Hiske begint trek te krijgen in speculaas en verdiept zich in kaneel, nootmuskaat en kruidnagel. Al sinds de oudheid gaan de meest buitenissige verhalen rond over de herkomst en werking van deze exotische zaken. Specerijen verschaffen mooie inzichten over de begeerlijkheid van schaarse producten en je kunt er nog heerlijk mee koken ook. Wat wil een mens nog meer?
Speculaaskruiden
3 el kaneel
1 el kardemom
1 el kruidnagel
1 el gember (droog)
2 tl nootmuskaat
1 tl peper
1 tl anijs
1 tl korianderzaad
Maal alles fijn in een schone vijzel of koffiemolen, en bewaar in een afgesloten pot.
-
Specerijen maken mij gelukkig. Ze ruiken tegelijkertijd naar verre landen en naar de keuken van mijn oma, smaken zowel naar de souk van Fez als naar Kerstmis in Zeeland en ze maken alles lekkerder dan het al was (zie ook kaneel en komijn).
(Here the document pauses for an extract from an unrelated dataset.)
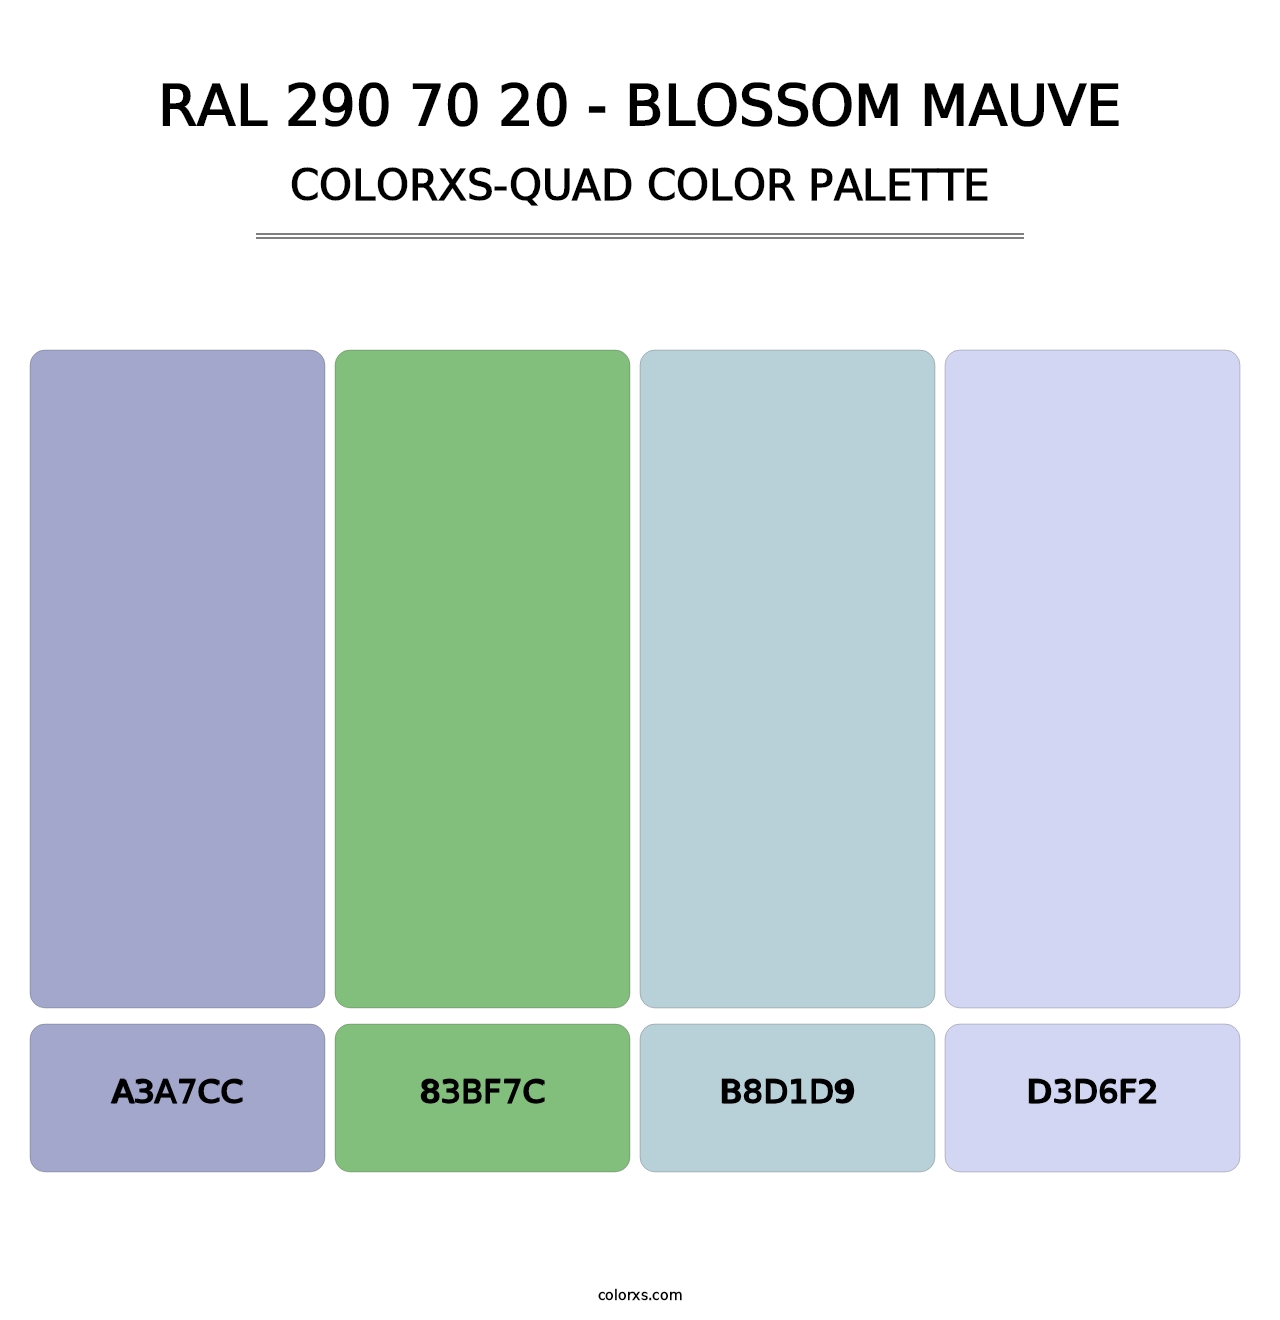 RAL 290 70 20 - Blossom Mauve - Colorxs Quad Palette

Bijna alles wordt spannender, voller van smaak, minder alledaags, pittiger en warmer als je er specerijen aan toevoegt. Als het herfst wordt en ik behoefte heb aan iets extra gelukkigmakends, dan wil ik ze soms allemaal tegelijkertijd. Gelukkig kan dat: dan bak ik speculaas.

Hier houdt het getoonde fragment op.